─── PROVIDED ENTRIES

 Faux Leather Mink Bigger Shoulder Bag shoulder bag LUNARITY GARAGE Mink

──────
─── PROVIDED ENTRIES

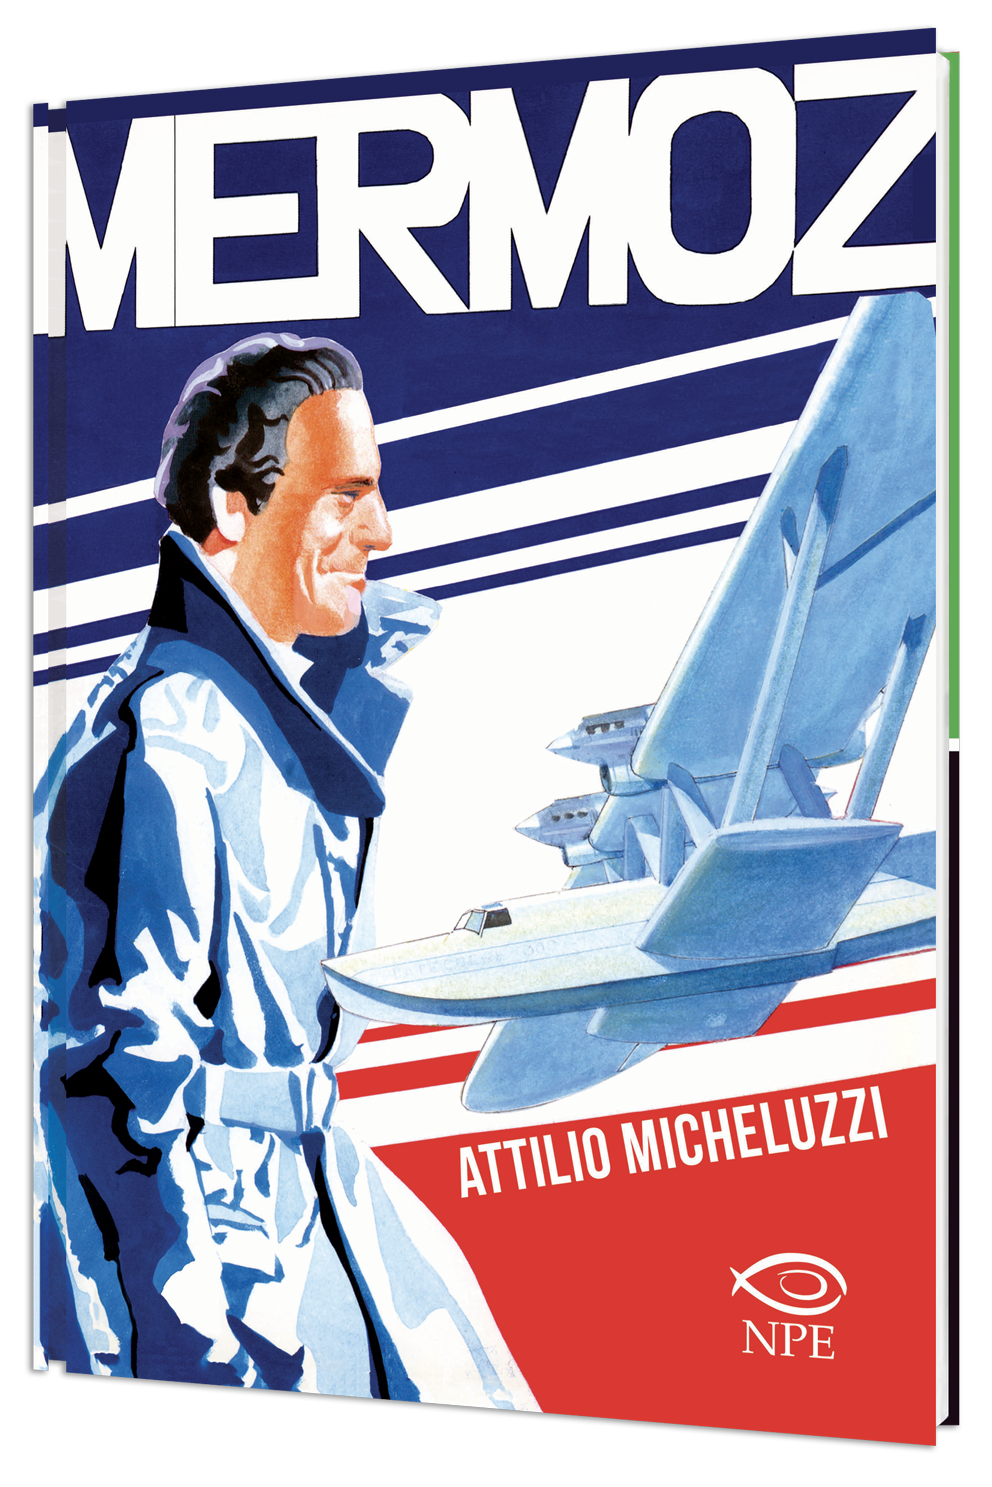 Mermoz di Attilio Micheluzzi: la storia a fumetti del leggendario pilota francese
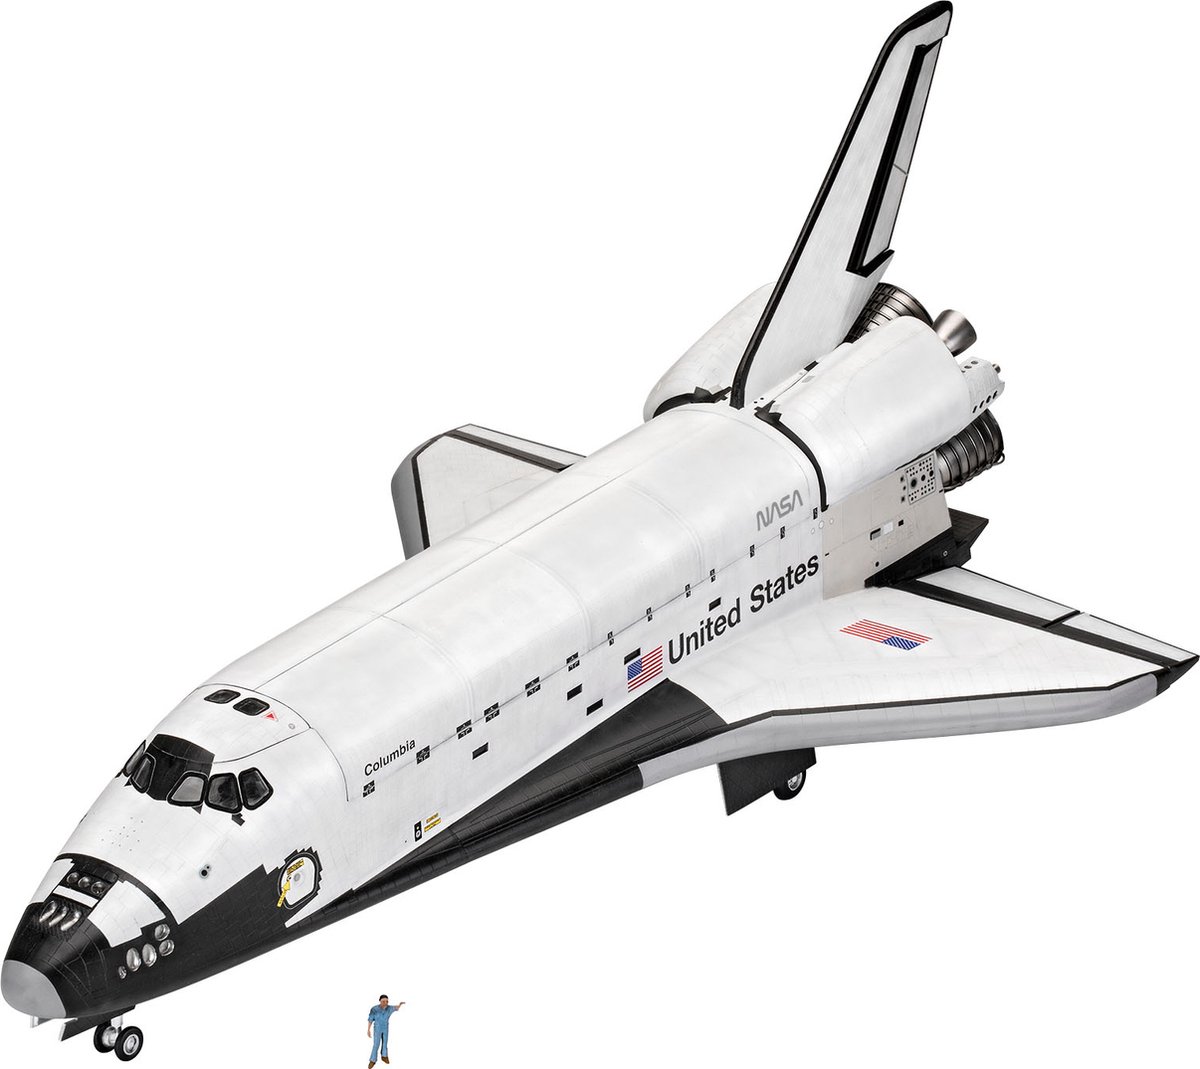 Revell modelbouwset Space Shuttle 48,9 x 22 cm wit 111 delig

──────
─── PROVIDED ENTRIES

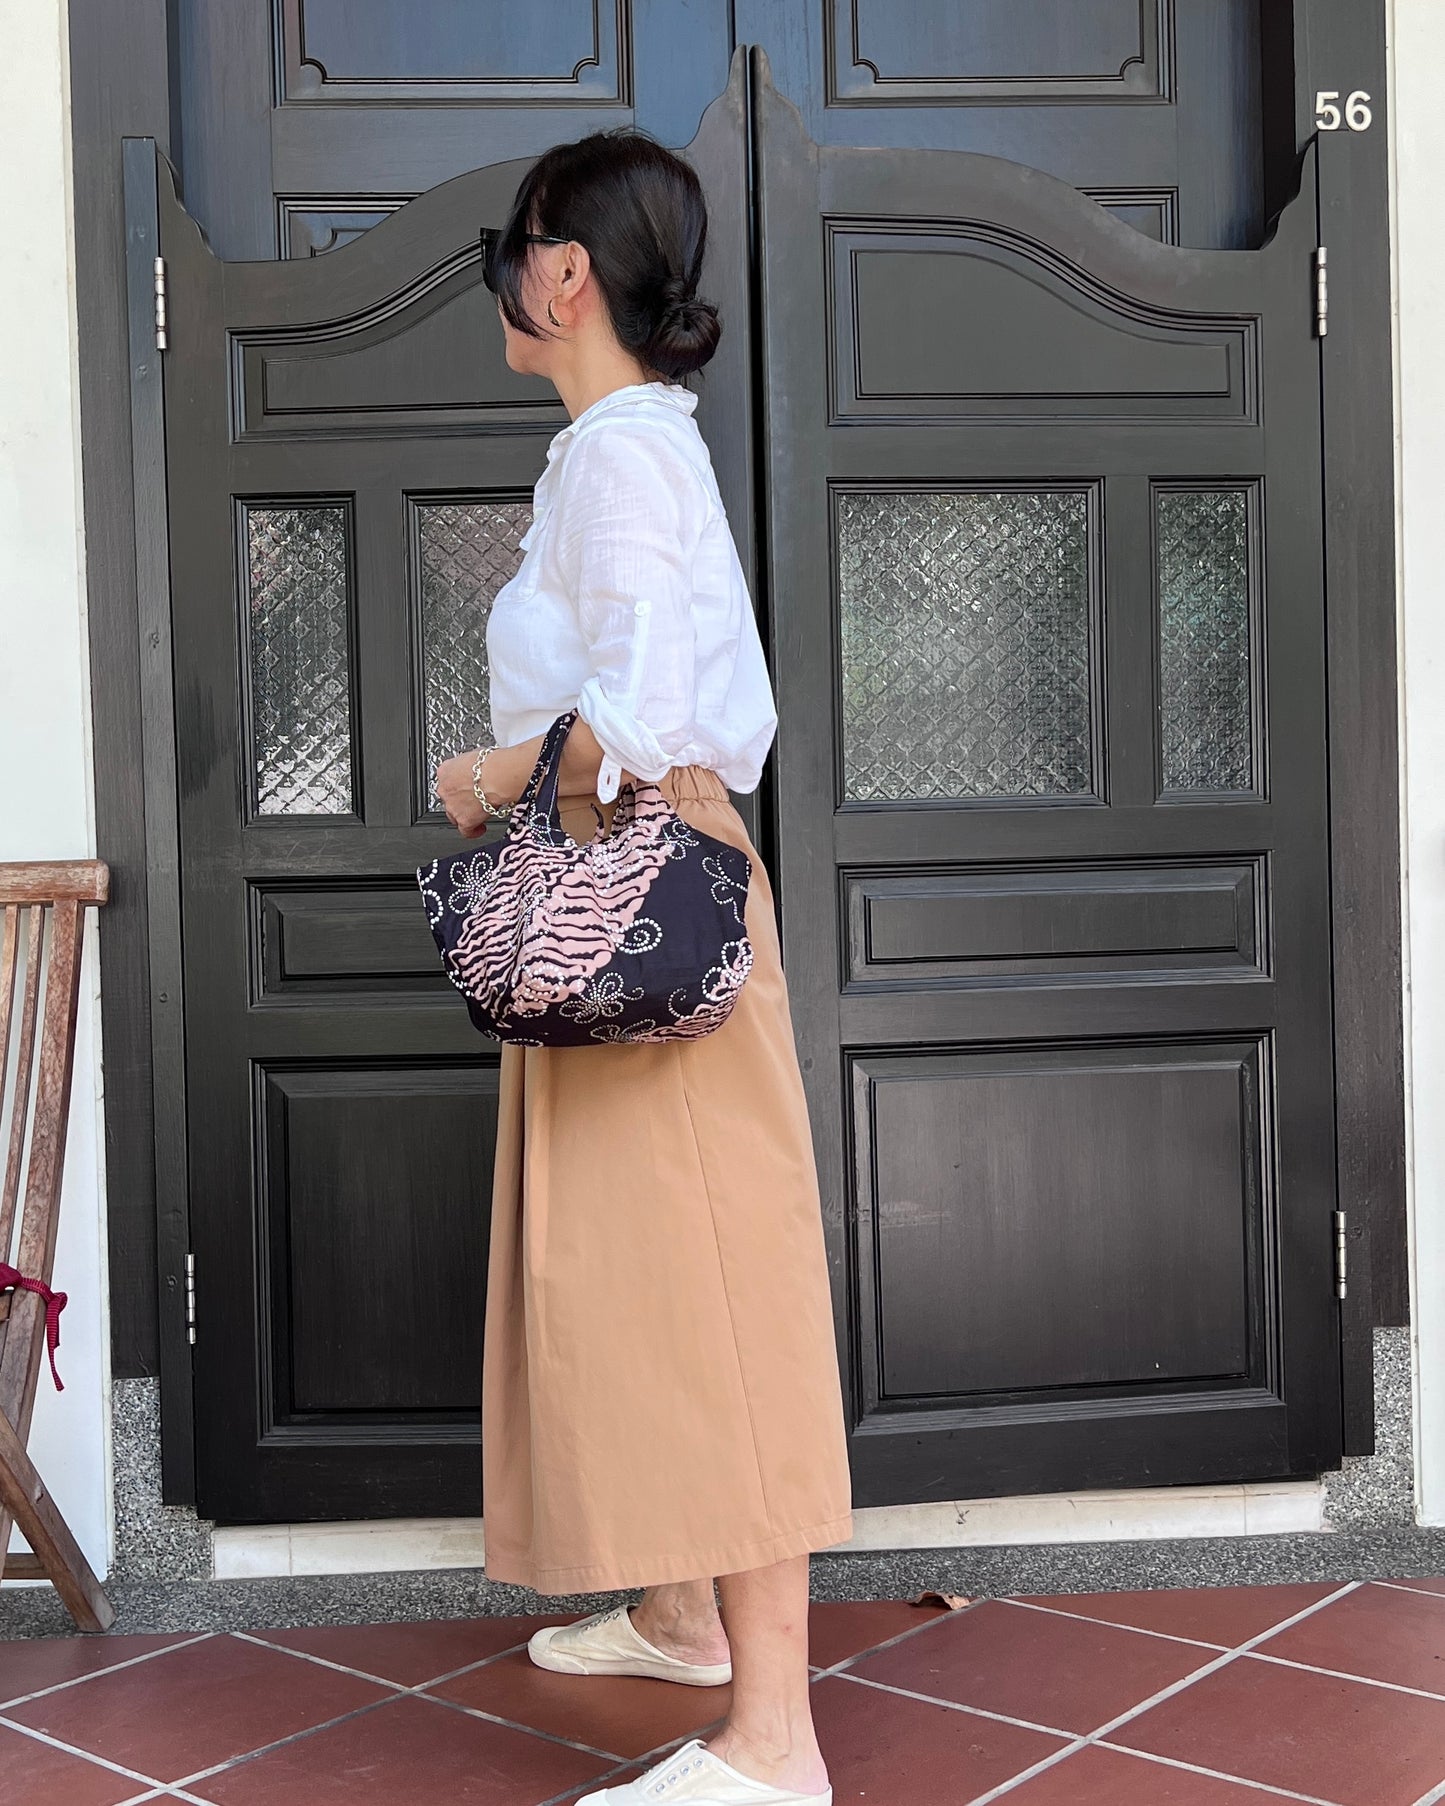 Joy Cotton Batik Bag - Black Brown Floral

──────

Transcribe the lines above exactly, beginning at the one with "Mermoz di Attilio" and ending at the one with "Revell modelbouwset Space". Include both; exclude the pictures.

 Mermoz di Attilio Micheluzzi: la storia a fumetti del leggendario pilota francese
 Revell modelbouwset Space Shuttle 48,9 x 22 cm wit 111 delig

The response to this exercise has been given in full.